The Guardian book blog (how did I miss this for so long?) has in interesting post today about adults who lie about what they read to impress others. (The inference here, I'm guessing, is that children don't lie about such things.) Bookninja extends this conversation by highlighting the all-important book shelf scan when visiting someone's home. I've done it. You've done it. We've all done it. Friendships, certainly romantic relationships, have come to a halt or pressed fully forward based on the results of such scanning.
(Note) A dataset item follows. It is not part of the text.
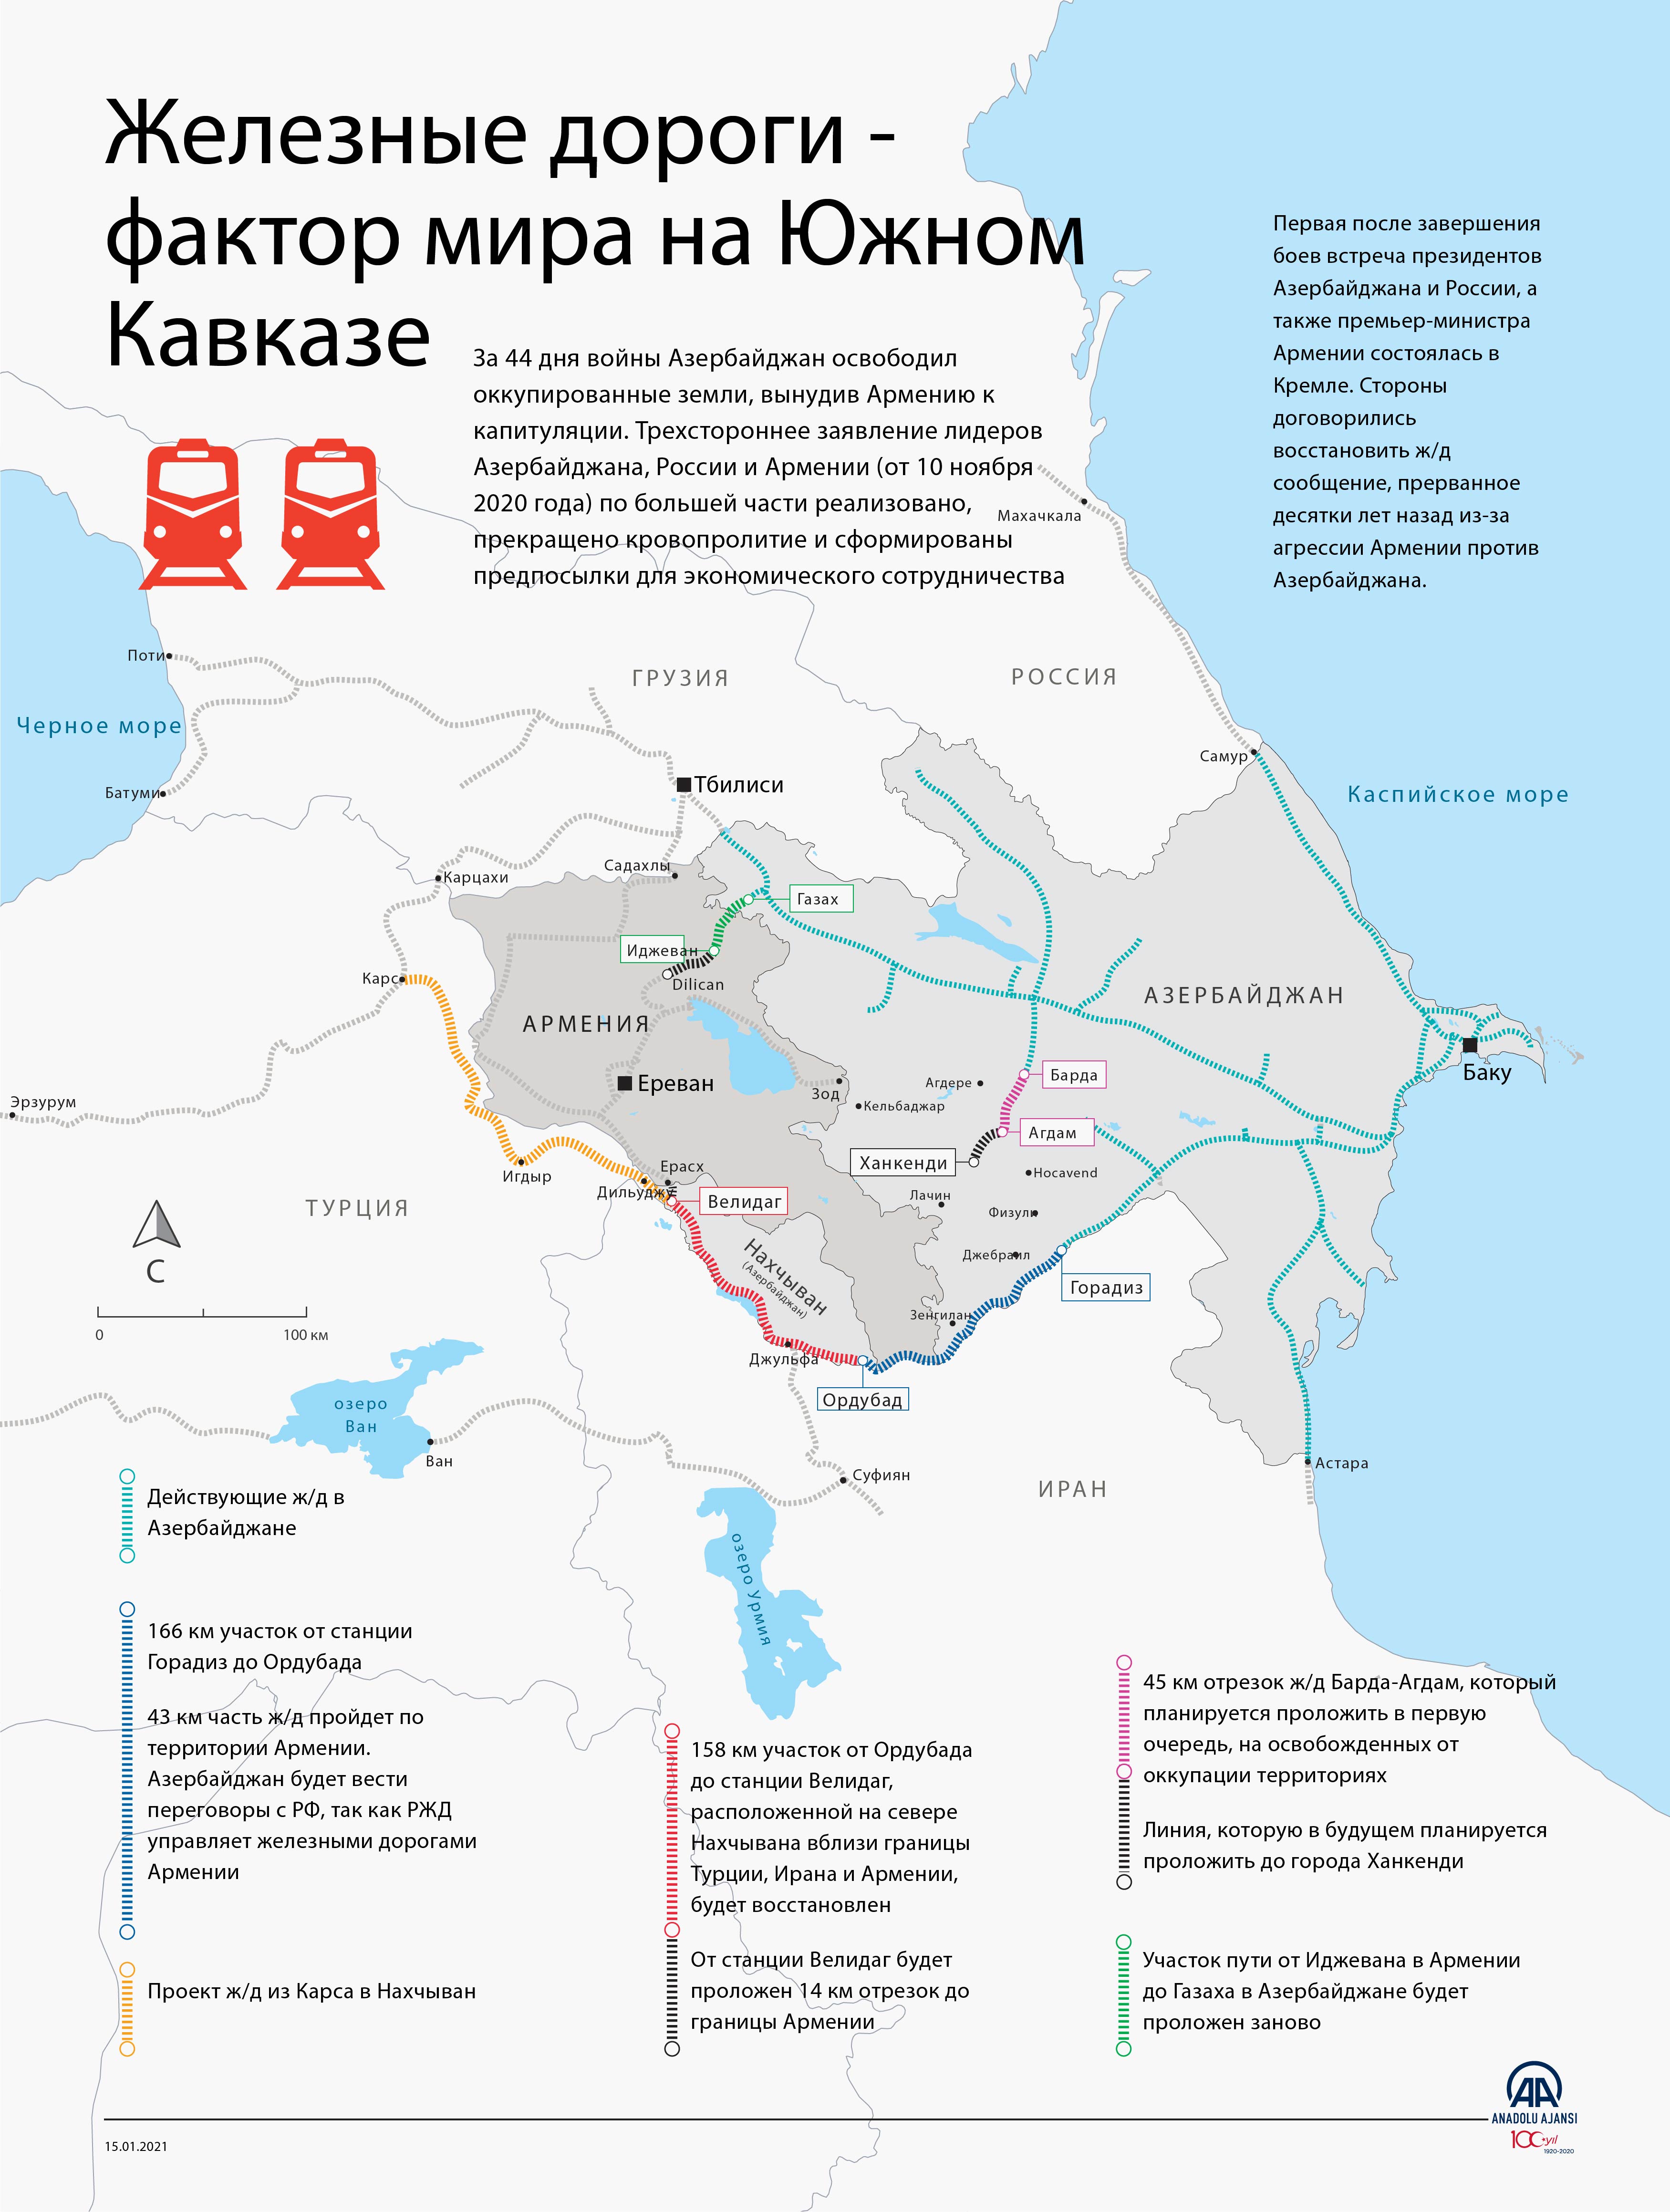 Железная дорога в Армении на карте с Азербайджаном

Yet, what caught my eye was the bit about the books we don't want others to know we read:
"This might tell you that I am fascinated by American politics, try to understand science, love food, and am an unreconstructed feminist with a romantic streak. It will not tell you that I am hopelessly disorganized, prone to fretting and general first world guilt, and scarily obsessed by my two beautiful black dogs. It will also not reveal the existence of my secret cupboard of shame, where a horrid streak of intellectual snobbery drives me to hide Agatha Christie, Georgette Heyer and Dick Francis, in case anyone should point and laugh."
I know several bloggers of all stripes (lit, design, music, etc.) who don't list certain books in their "just read" or "currently reading" columns. Sandra at Book World (who has just made a lovely shift in her blog from covering books to covering writing and books about writing) mentions that she would never place these books about writing in her left-hand column. Instead of gasping at her declaration, I thought: my god, I do the same thing.
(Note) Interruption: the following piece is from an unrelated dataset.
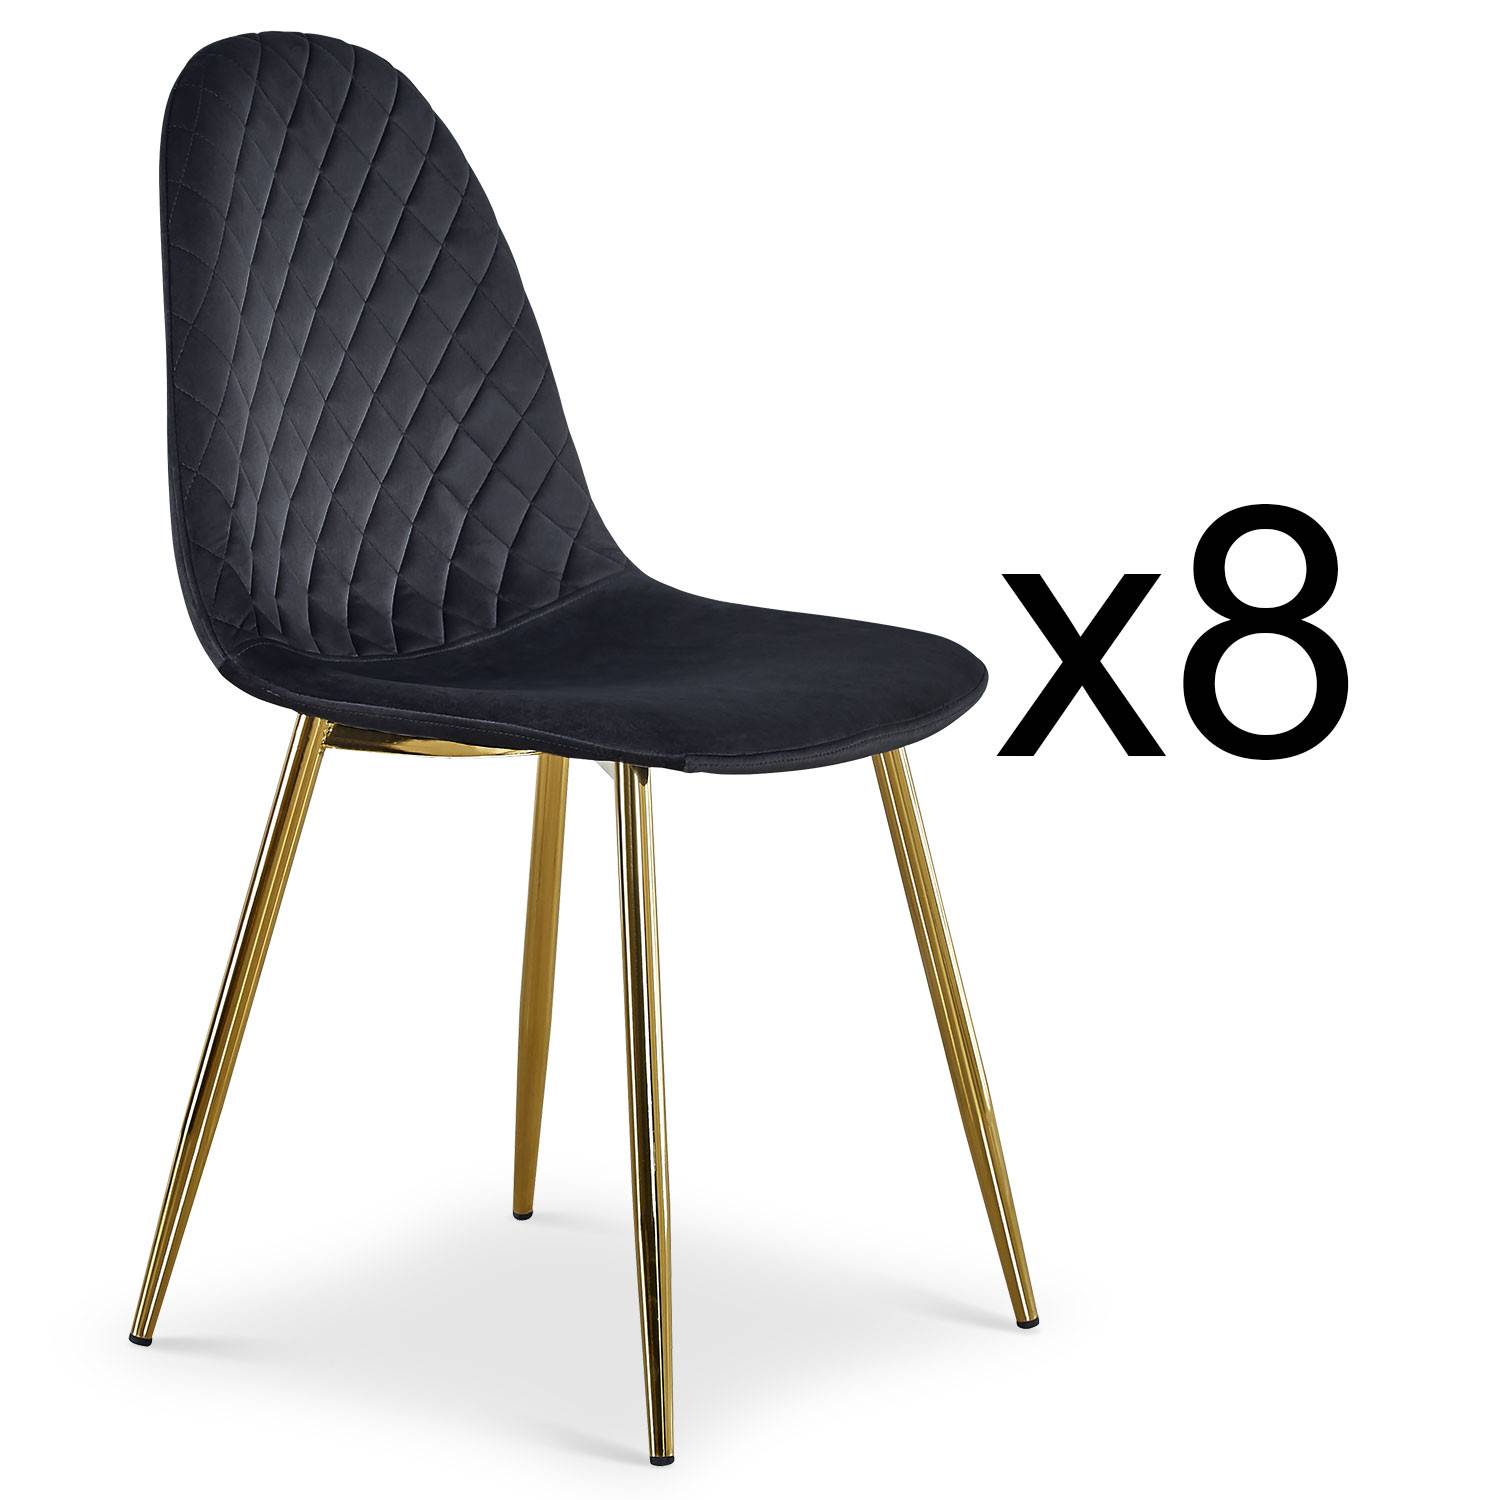 Lote de 8 sillas Norway acolchadas patas doradas y terciopelo negro

Last year, when I was on my big matchy-matchy rant, I read all of Emily Giffin's books. I know, I know. Don't mock. I felt that to properly criticize her, I had to know what I was talking about. So I read them. Will you find them listed in my 2006 Books Read list? Nope. I've been secretly shamed about this for awhile now. Why didn't I include them? Was I that caught up in what others thought - what others might think -- of me as a writer, thinker, reader that I couldn't list them? Yes, it seems.
My next thought was: well at least I don't pretend to have read books that I haven't. That seems a far worse offense. Or is it? Isn't the shame -- for those who haven't read something they feel they should & those who've read something they'd rather not advertise -- and the hiding of said shame, equal on both sides? I wonder. While I continue to probe this question & my own guilt (no doubt induced by a brand of crazy that only my christian school education could provide), I reserve the right to leave these aforementioned read-but-not-going-to-admit-it books off my public "Books I've Read List."
What, if you're willing to share, is your secret reading shame? Any answers will remain in comments and will not, I repeat, not, make their way into your blog reading columns. (That update script isn't quite finished yet.) To extend the shame game far and wide, I'll go first: I've read every Clive Cussler book ever published (I like that Dirk Pitt guy), every Agatha Christie, and I have a slew (by slew I mean dozens) of writerly advice books that are not worth the paper they're printed on and are carefully hidden behind other books on my shelves. (This sharing thing is easier said than, well, you know.)